### Your instructions
Exclude every picture. Output verbatim the lines from the one containing "Back to Homeschool" to the end of the data.

### Collected material
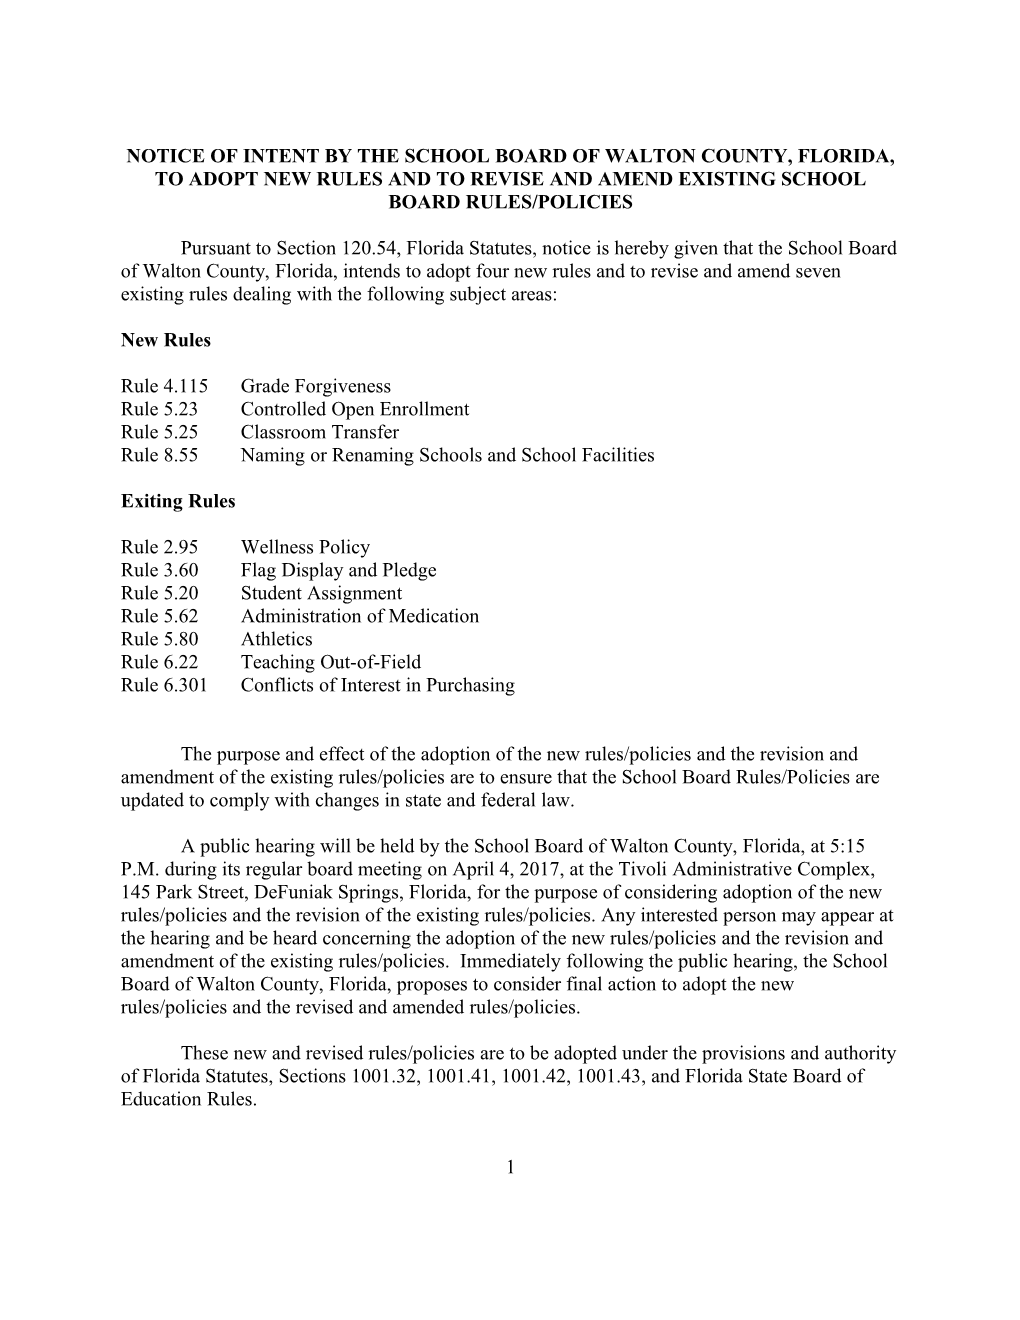 Notice of Intent by the School Board of Walton County, Florida, to Adopt New Rules And
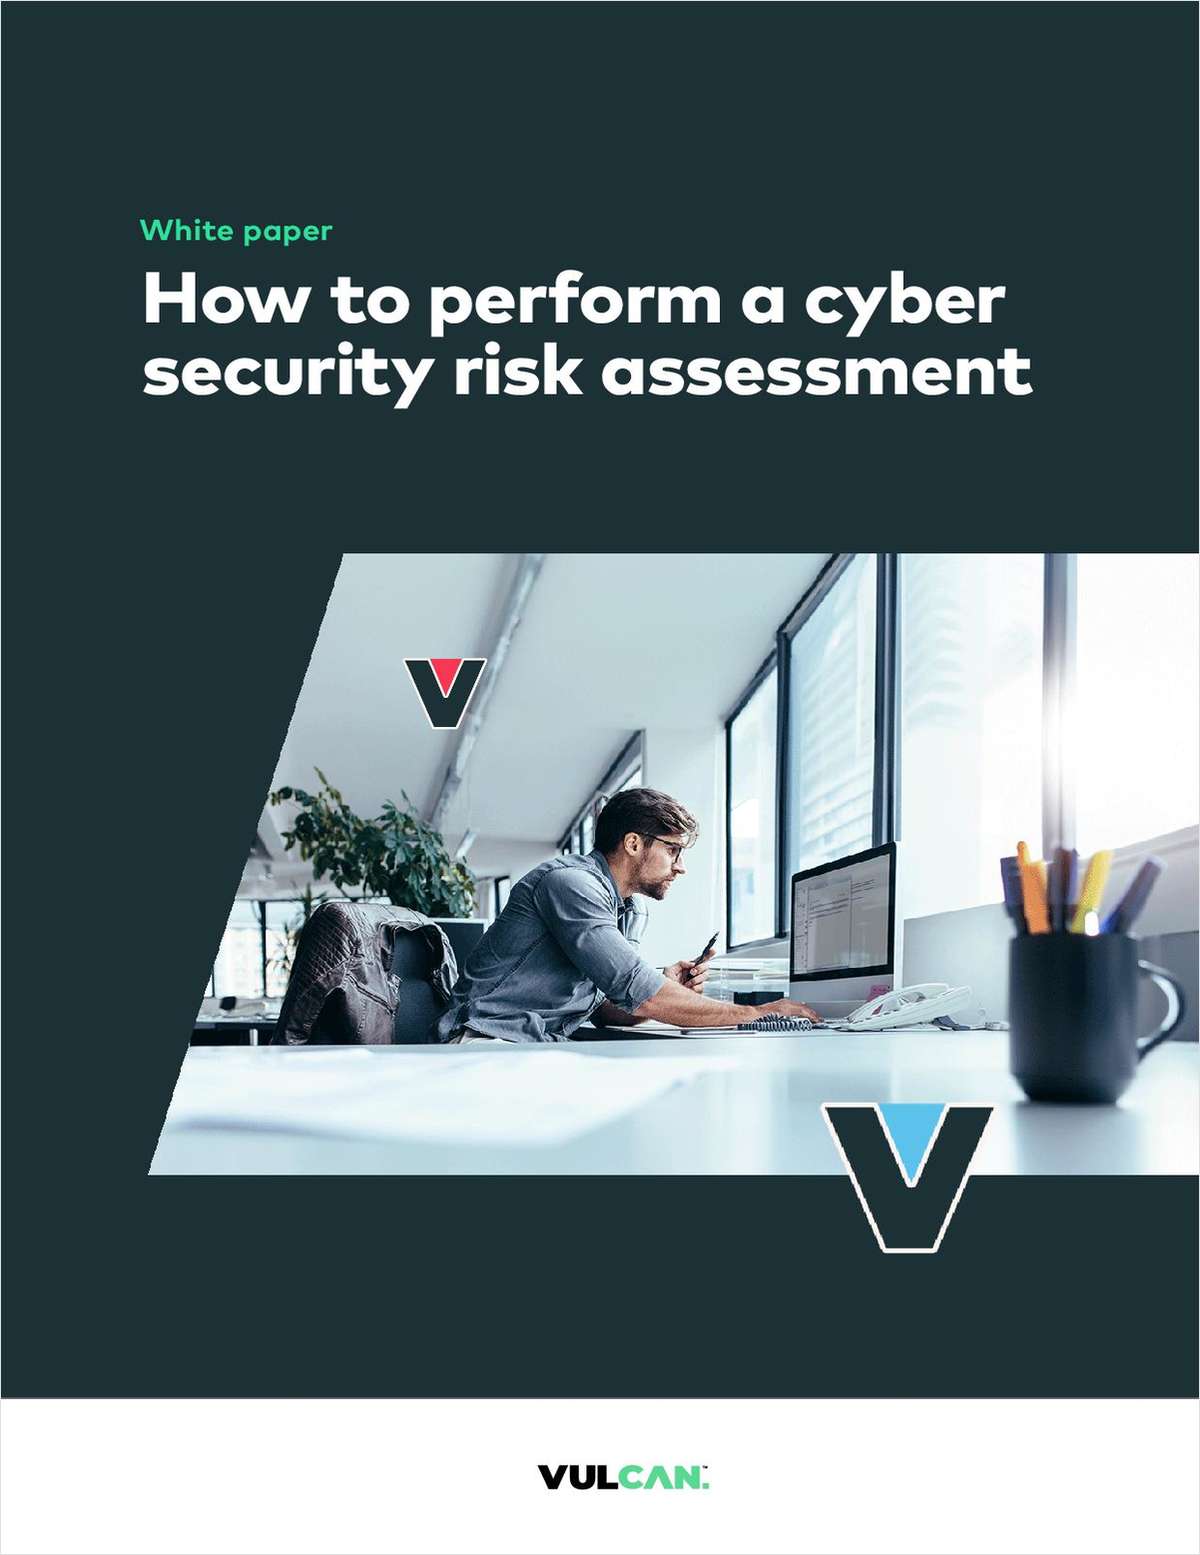 How to perform a cyber security risk assessment
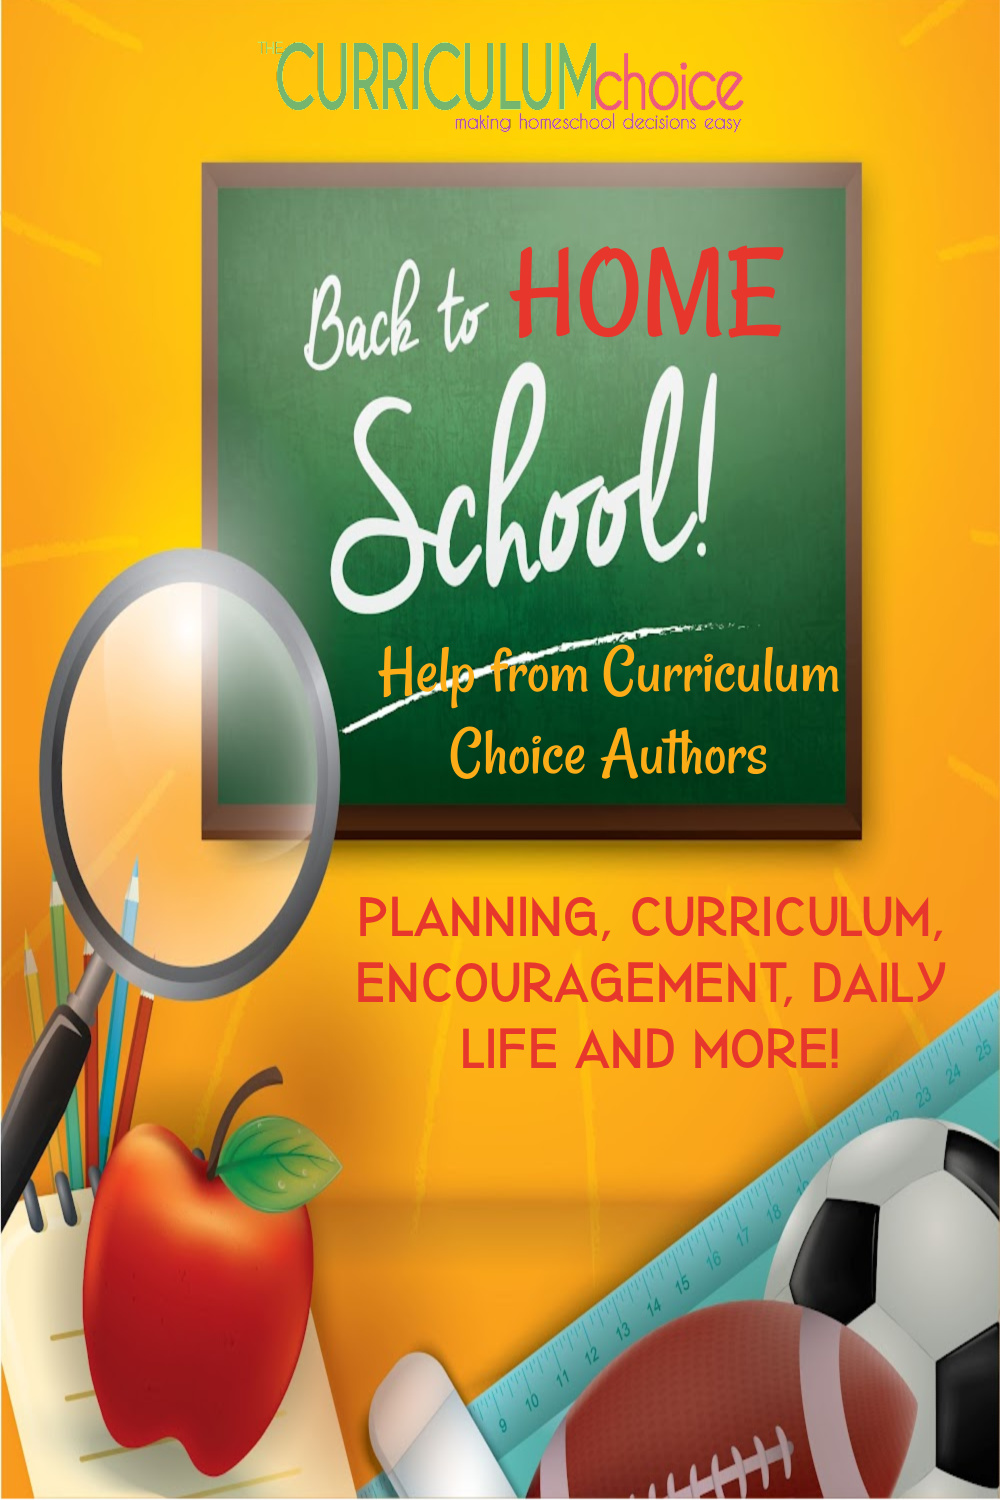 Back to Homeschool Help from Curriculum Choice Authors is a feast of curriculum help, planning tips, encouragement, daily living advice & more!
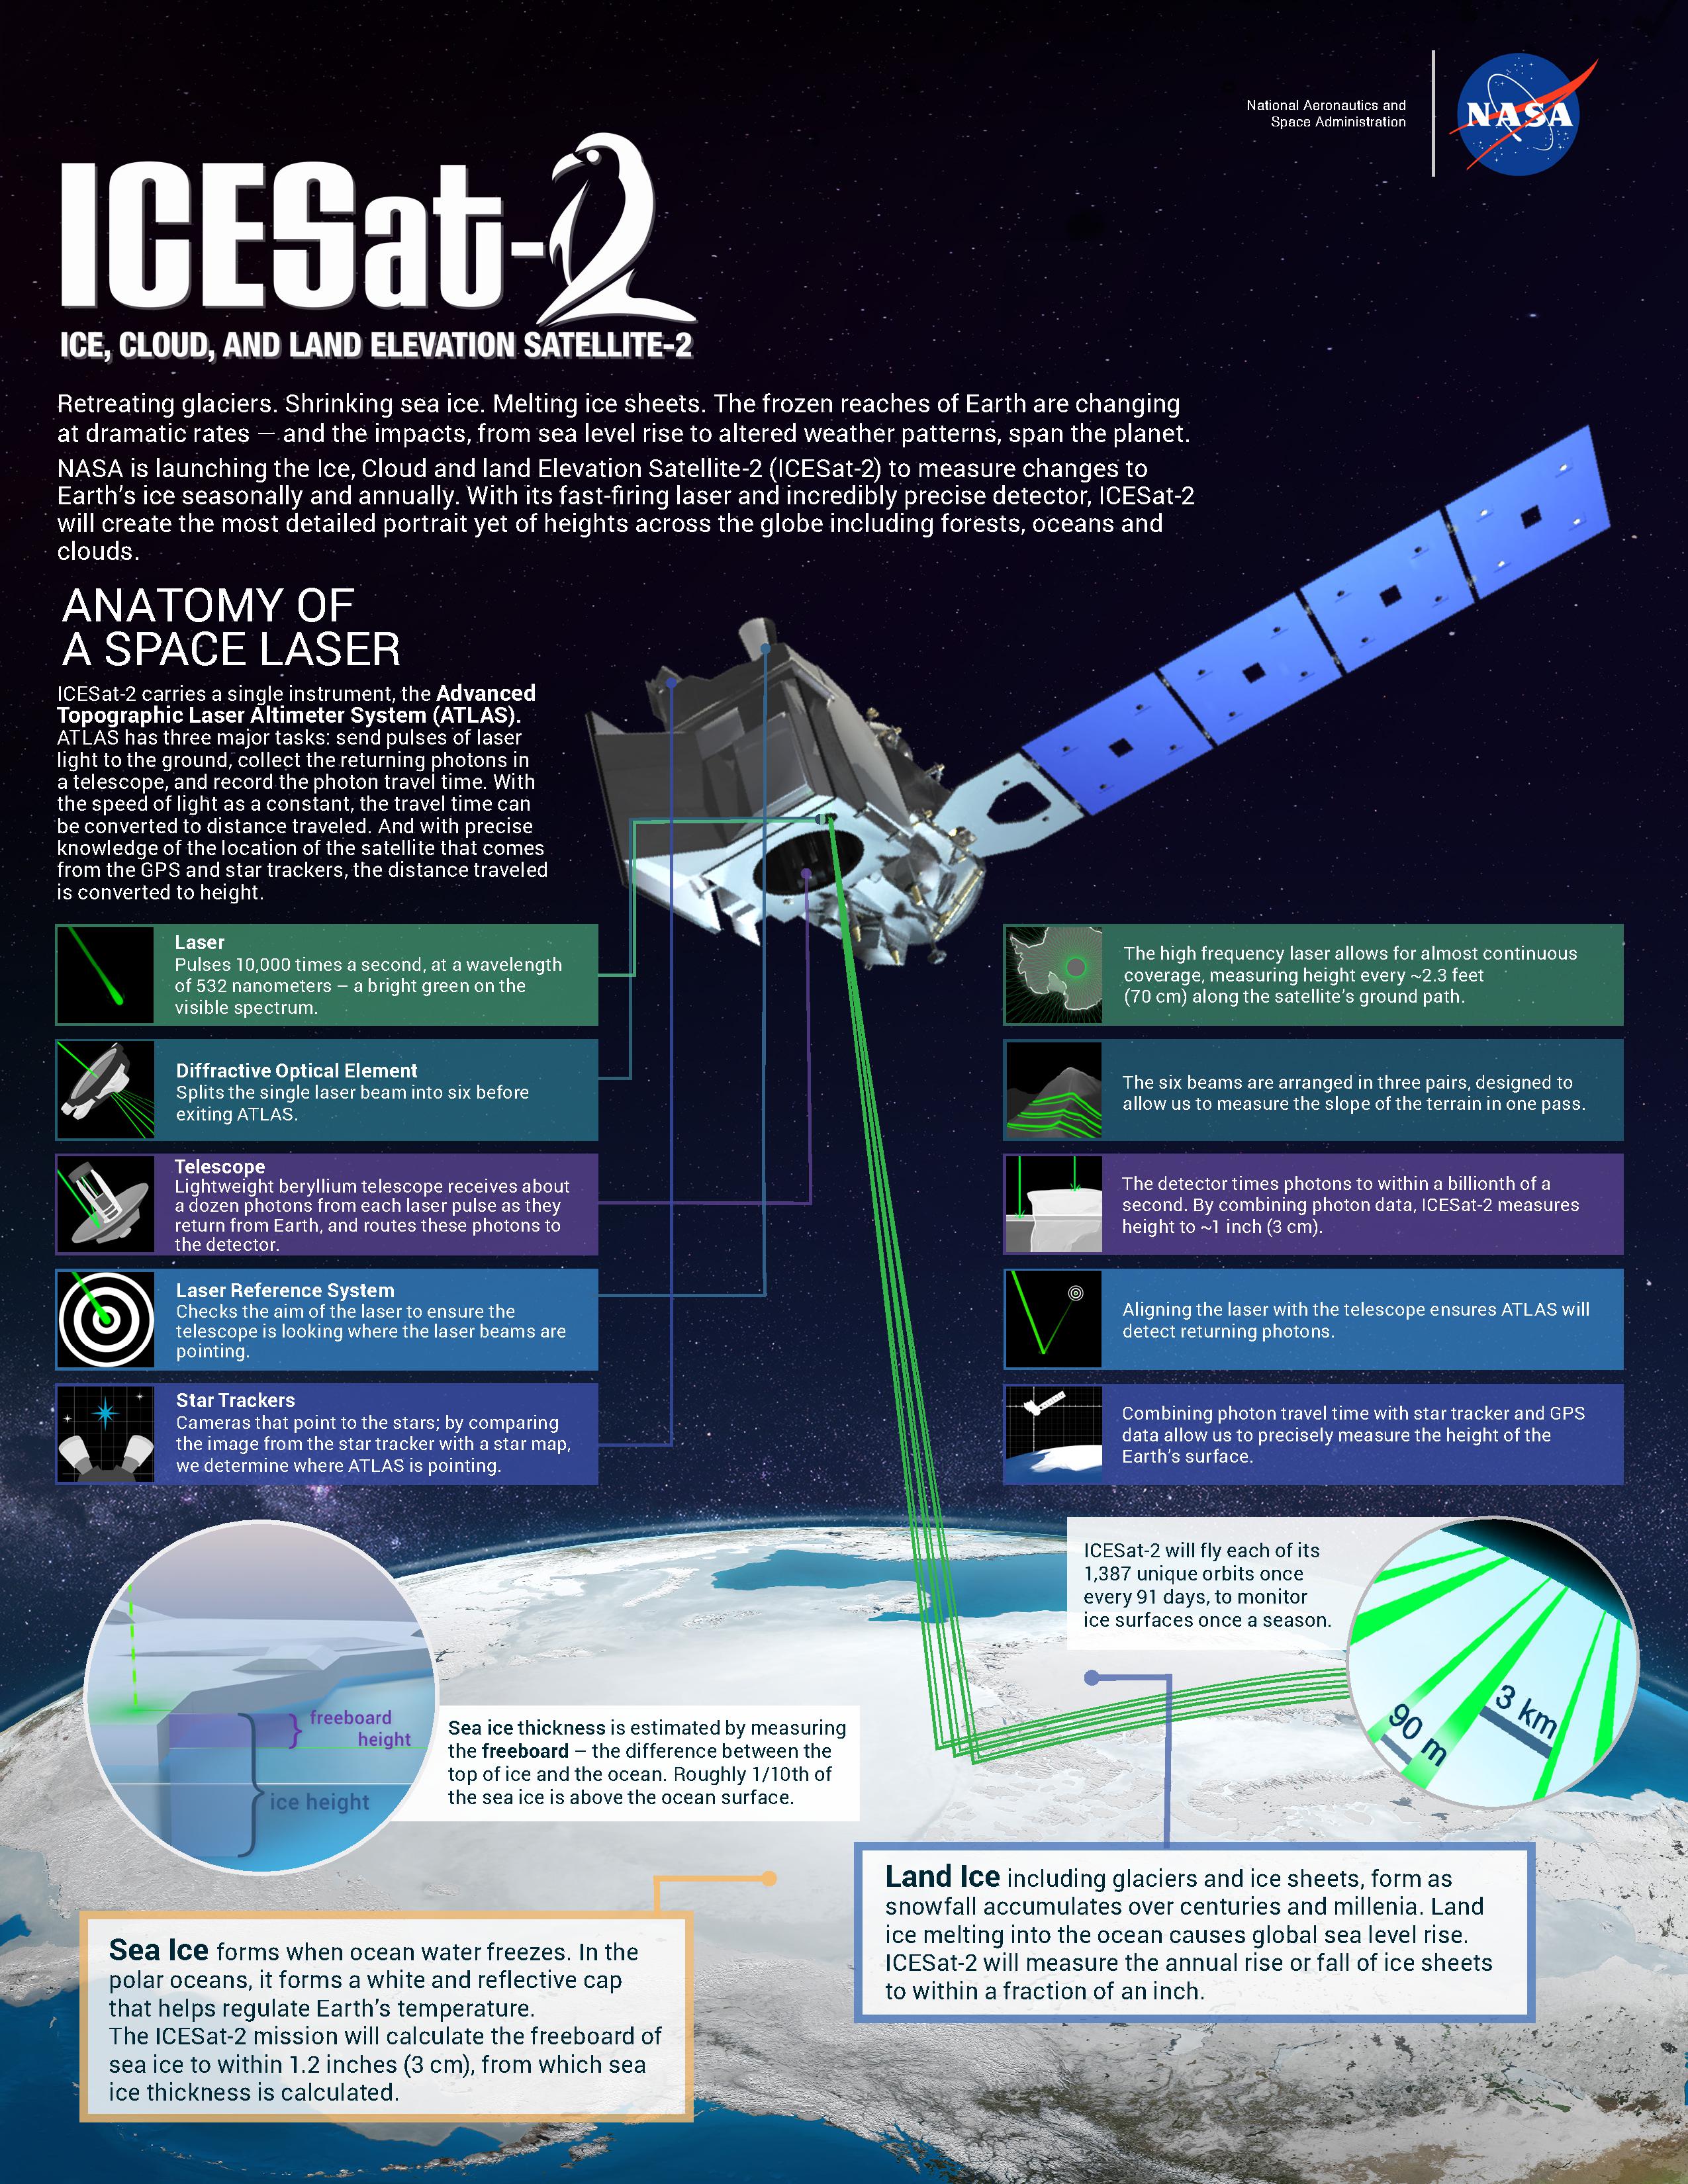 NASA’s Ice, Cloud and land Elevation Satellite-2 (ICESat-2) will measure height with a laser instrument that features components designed to provide precise data. Credits: NASA/Adriana Manrique Gutierrez A Technological Leap

### Exercise response
 Back to Homeschool Help from Curriculum Choice Authors is a feast of curriculum help, planning tips, encouragement, daily living advice & more!
 NASA’s Ice, Cloud and land Elevation Satellite-2 (ICESat-2) will measure height with a laser instrument that features components designed to provide precise data. Credits: NASA/Adriana Manrique Gutierrez A Technological Leap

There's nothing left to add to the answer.